OK, you don't get a 1.25 ERA without a little luck or good sequencing involved. Cueto has allowed 10 runs all season -- seven of those on home runs (actually, eight on home runs, since one was a two-run homer following a base hit). That means he's allowed 25 other hits and 18 walks and only two of those 43 baserunners have scored, a strand rate of nearly 100 percent that will be impossible to maintain -- opponents are 2-for-27 with runners in scoring position against him. His overall BABIP is .160, best among major league starters and 52 points better than the Reds' No. 2 starter, Alfredo Simon. (Considering Mike Leake, another Reds starter, is also in the top 10, it seems the Reds are playing some pretty slick defense.)
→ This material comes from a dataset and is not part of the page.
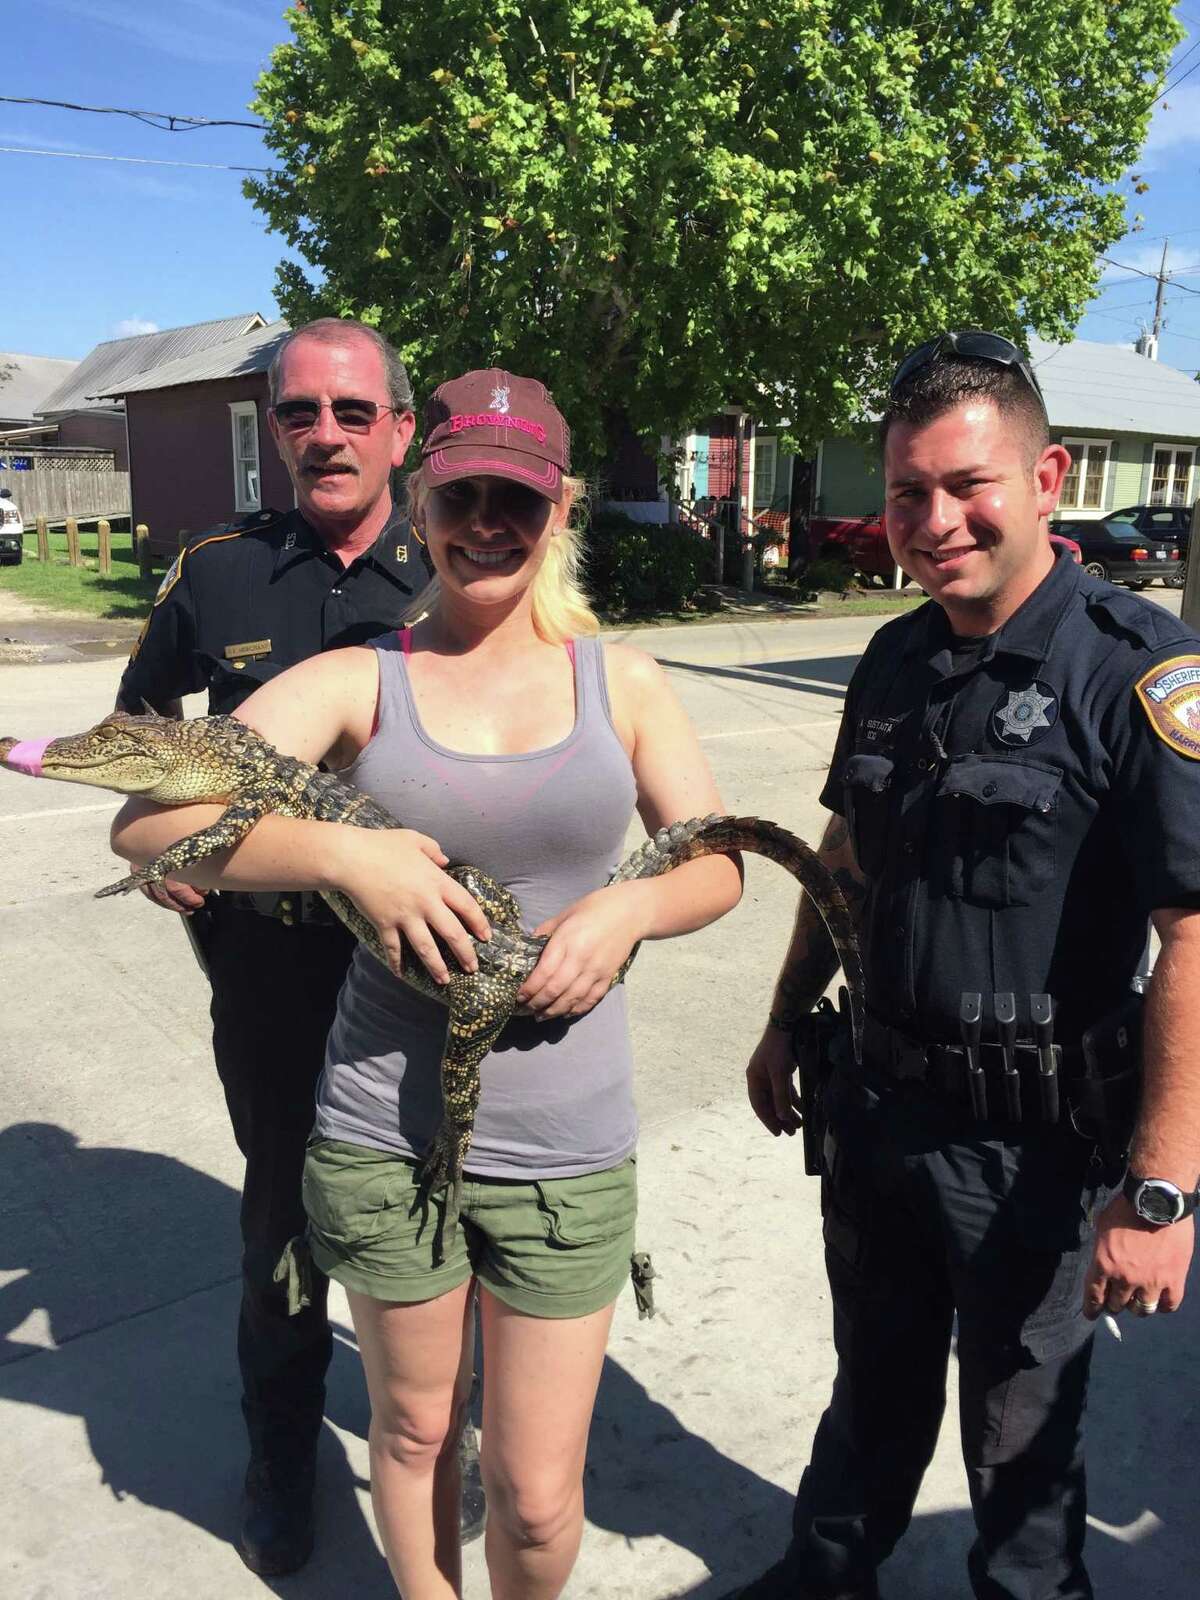 Part-time gator hunter Christy Kroboth (pictured) has also been busy this week catching gators in her free time away from her day job.

But Cueto has made real improvements, even from his stellar 2012 season. That year, he had a strikeout rate of 19.1 percent -- he had 170 in 212 innings. This year, he has 76 strikeouts in 72 innings, with a 28.8 percent K rate. His rate of swings-and-misses has increased about 4 percent, a testament to his improved ability to miss bats.

One reason for this is an improved cutter that Cueto started throwing a lot more in 2013. When he first reached the majors in 2008, Cueto was primarily a fastball/slider pitcher and he had a 4.61 ERA his first two seasons while giving up 53 home runs. He first introduced the cutter in 2010 and then started using his changeup more often in 2012. After throwing the cutter about 6 percent of the time in 2012 he threw it about 20 percent last season (although he made just 11 starts due to a lat injury, a huge disappointment since he had to leave his 2012 playoff start after eight pitches because of back spasms).

Most cutters are pitch-to-contact pitches -- thrown with less velocity than a four-seam fastball but designed to induce weak contact thanks to the late movement (think Mariano Rivera). Yu Darvish, for example, has had 112 plate appearances over the past two seasons end with a cutter and has registered just five strikeouts. But Cueto gets punchouts with his cutter; he has 19 in 60 plate appearances ending in the pitch, a strikeout rate of 31.7 percent. The drawback is that if it doesn't move, it's ripe to be creamed: five of the seven home runs he's allowed have come against the cutter.

The cutter has also apparently helped make his changeup more effective. In 2012, Cueto had a strikeout rate of 23.2 percent on his change. It was 33.9 percent last year and is at 39.1 percent this year as batters are hitting .049 against it. Fastball, cutter, changeup, slider: Four pitches of different speeds and movement, all thrown with command and inducing a high groundball rate (Cueto is 16th among starting pitchers in groundball percentage). That's a pretty sweet combination.

To top it off, Cueto is about the most difficult pitcher in the game to run on. Baserunners haven't even attempted a stolen base against him this year after going 4-for-19 over the previous three years.

Maybe he's not going to finish with a 1.25 ERA, but he's in the midst of a historic run.

The Reds have never had a Cy Young winner. That may finally change.